Companies are struggling to recruit talent in a competitive market. As marketers have known for years a compelling pitch isn’t one-dimensional.
Managers are struggling to hire in one of the most competitive job markets they’ve seen in their lifetimes. I’ve been hiring tech talent for decades, beginning at the height of the dot com boom and through the years since including the hypercompetitive years of late. Having primarily worked at startups I’ve always had to compete for candidates against companies in a heavier weight class. Big Tech like Amazon, Google, Facebook as well as the hot startup du jour (Uber, Twitter, Four Square) have always outclassed me when it came to cash. I learned to be effective in recruiting and closing candidates against better capitalized alternatives and you can, too.
Unless you’re the big company in your market, odds are your salary is not the top and so you can’t compete on that dimension alone.
Consider a product category. It could be cars, accounting, golf clubs, clothes, CRM software, anything at all. Within that category you have different options. There is the premium brand, costly but known for luxury. On the other end is the discount brand, the lowest cost in the category. Another option might be the value brand, not the cheapest or costliest, but the best value for the money. Beyond the dimension of cost there are other factors: the biggest, the lightest, the fastest. There are often other dimensions like the most flexible, the easiest to use, the one with the most partners or integrations. Different customers are drawn to different value propositions within the category.

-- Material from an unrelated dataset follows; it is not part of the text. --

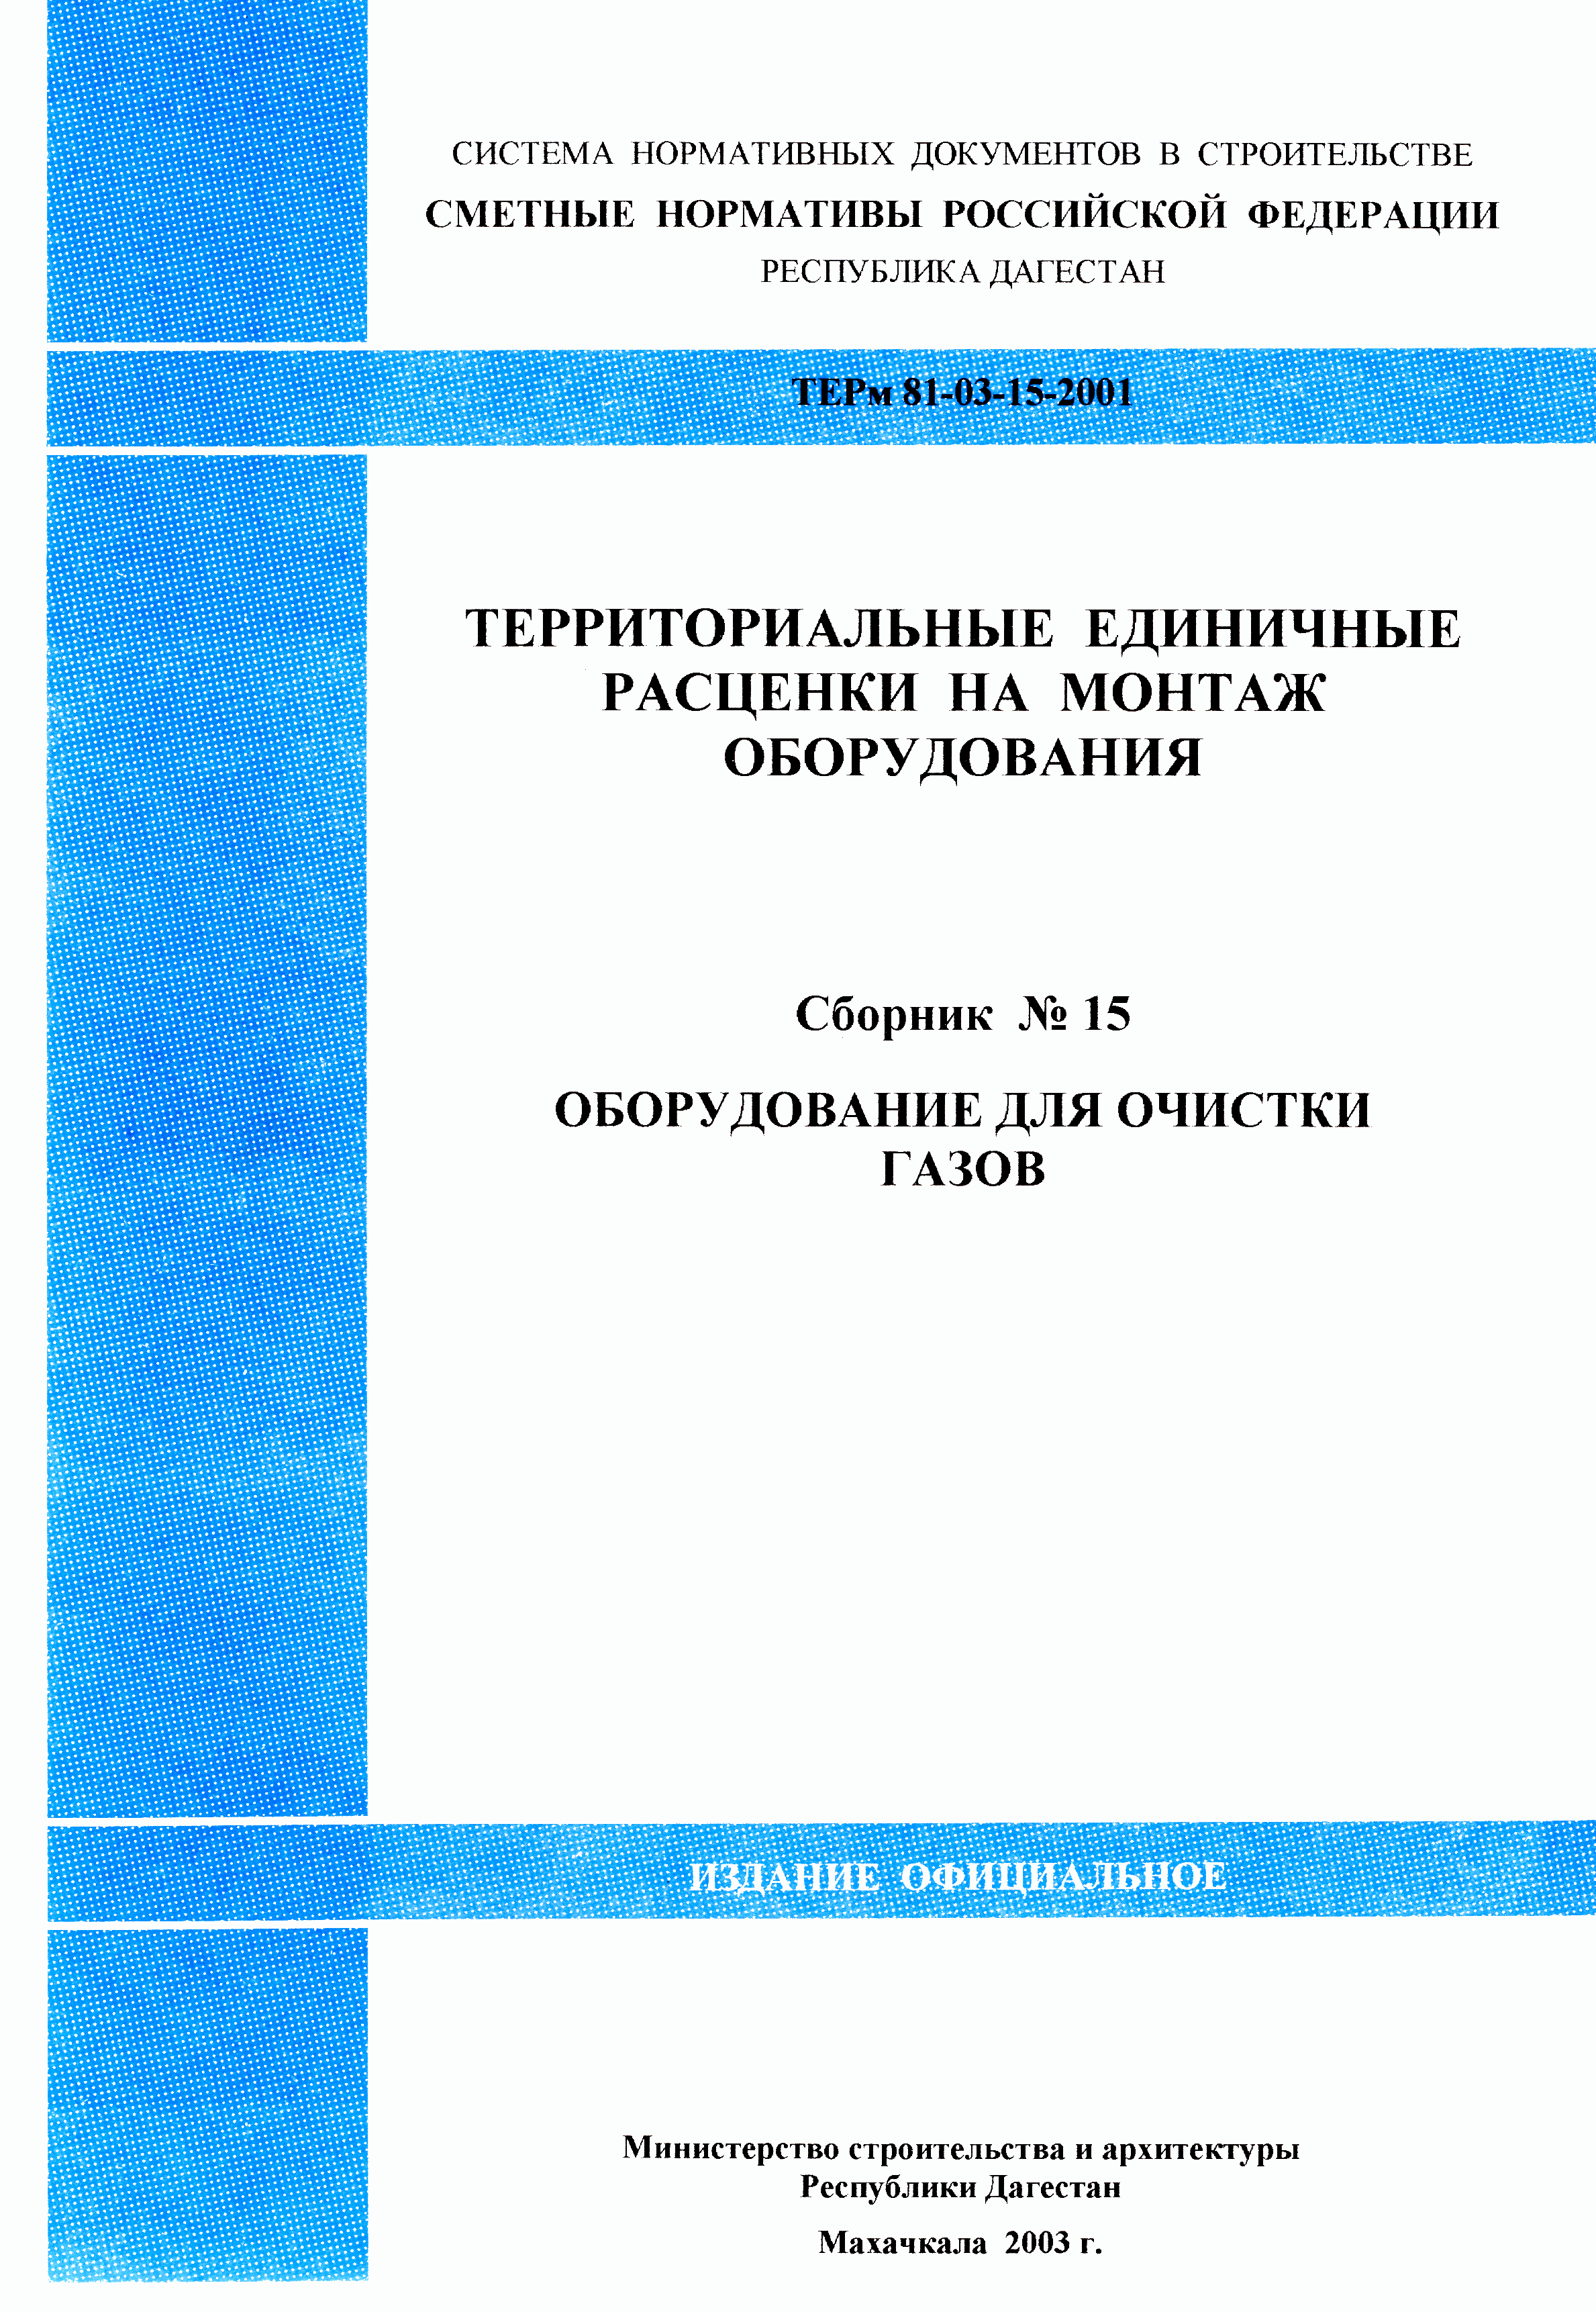 ТЕРм Республика Дагестан 2001-15

What you don’t want to be is #2. Being the cheapest option can be a good position in many categories (think $0.99 pizza in New York City). It doesn’t help to be the second cheapest. If someone is price sensitive, they will buy the cheapest, not the second cheapest. If someone wants flexibility, they want the most flexible, not the somewhat flexible.
What you don’t want to be is #2.
But wait, you point out, it’s never one thing. They might be price sensitive but don’t necessarily want the absolute cheapest because the second cheapest has more options that are worth the extra cost. You’re right. The marketing mistake would be to only compete on cost and not be the cheapest, or only compete on weight and not be the lightest. Products and services often compete on multiple dimensions and can own their niche not in one dimension but in the multidimensional space. They key, of course, is it must be a real dimension customers care about. Being the most colorful wrench probably isn’t going to help your wrench sales.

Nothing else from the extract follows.